"Did you get angry at Bush personally?
Look, I know politics is tough, and I don't spend a lot of time worrying about what they do to me. But I do worry, and I am angry, about what they do to the American people. That's what this race is about. It's not about me. I can take it -- I don't care. I've been in worse things. I was on those boats -- I got shot at. I can handle it."
Jann Wenner interviews John Kerry for Rolling Stone Magazine, RS 961, Nov. 11th.
Kerry is certainly getting targeted by the Karl Rove Patrol of Republican politicos and PR flacks. This is not to imply that he's being very positive in his campaign, though. John Kerry is a master of the home stretch; he has repeatedly seized electoral victories when everyone else counted him out.
I'm getting so tired of following this elaborate election campaign. Contrary to the month-long Canadian electoral cycle, Bush and Kerry have been trying to bash each other's heads in since March of 2004. I have been reading everything I can get my hands on since the first Democratic primaries, in Dean's glory days. For awhile, it even looked like Wesley Clark might be the former soldier facing Bush in the debates. Instead, Kerry's connections and "safe-harbour" image won the day. If I must concede one thing, it is that John Kerry is not the solution to every American problem. He won't heal the disabled and make them walk. He probably won't win the war on terror (Bush admitted in an interview that it might be impossible to win, anyhow). He's no Jebus.
What John Kerry will do is give the U.S. an image boost. Bush is the most hated American president in history, capable of summoning millions of protesters in streets around the world, just to burn him in effigy and spit on his photo. Anti-American feelings have reached an untold level and even traditional allies like Canada are against Bush.

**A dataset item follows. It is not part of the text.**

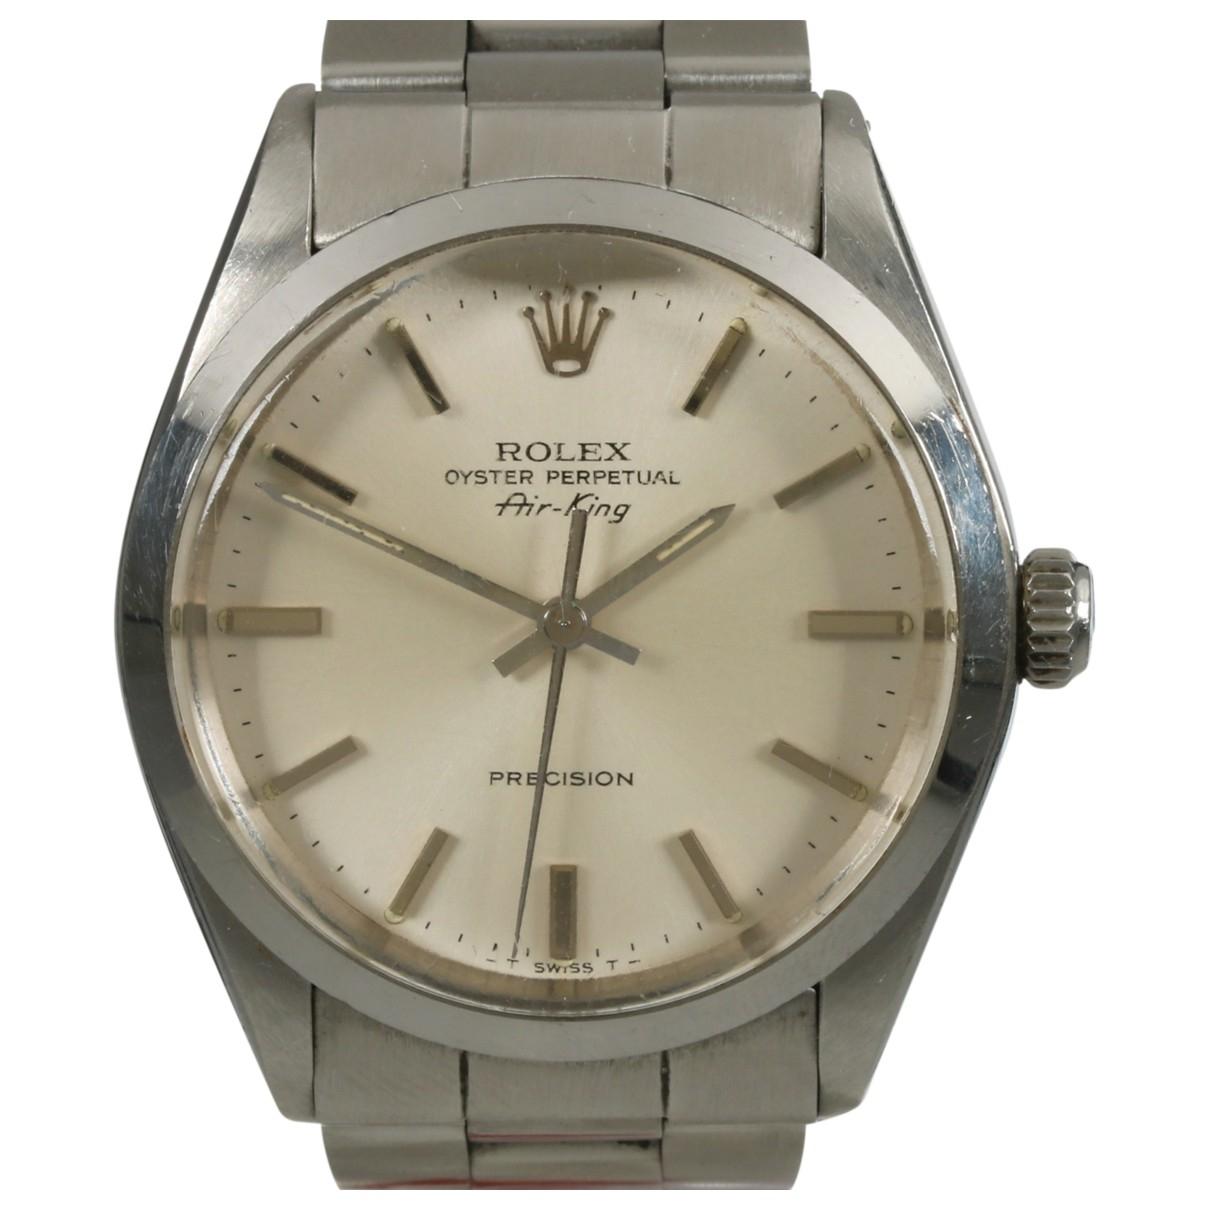 Relojes Air King Rolex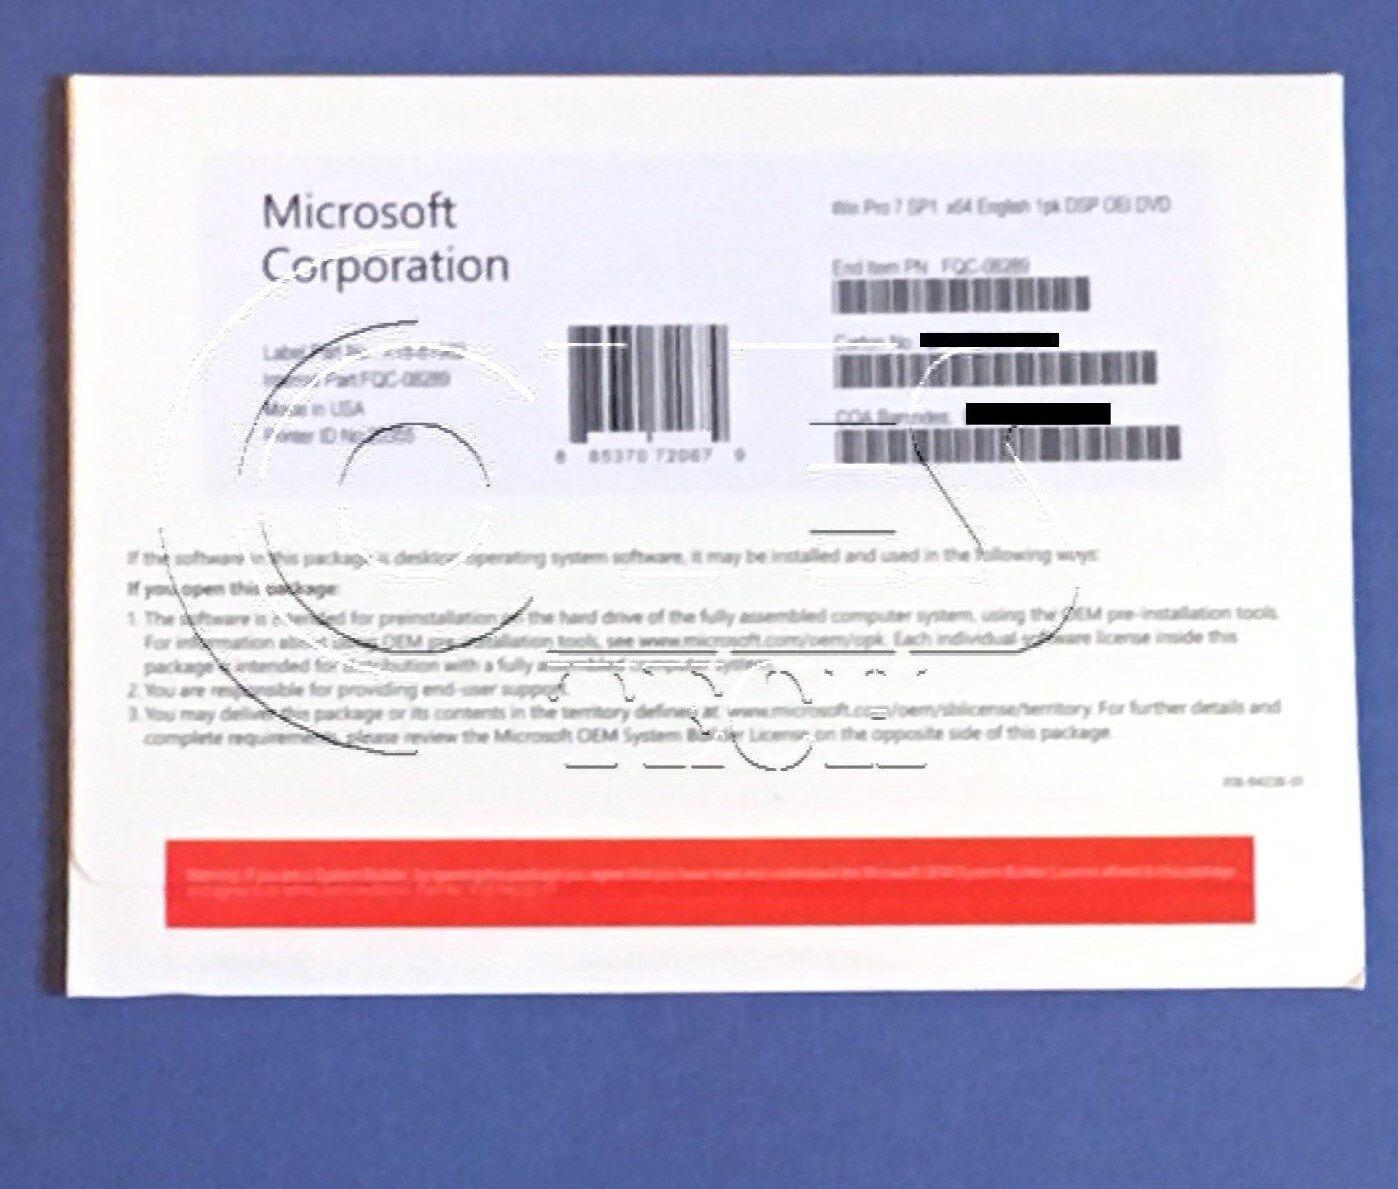 Windows 7 Professional SP1 64bit  System Builder DVD 1 Pack

The point is, if you want to beat the terrorists, you need your friends and allies to respect your leader. I'm not talking "global test" here; I just believe that George W. Bush is a failure of a man who has offended a large segment of the world with his pre-emptive strikes and his bizarre foreign policy gaffes. He also put the U.S. into debt so far that future generations will still be paying for his economic mistakes.
One silver lining for Bush is that Iran announced today that they have endorsed him for President. Iran? Weren't they that country in the "Axis of Evil"? I need a fucking Tylenol.
Vote Kerry if you believe in America. Vote Bush if you believe in four more years of economic decline and perpetual war.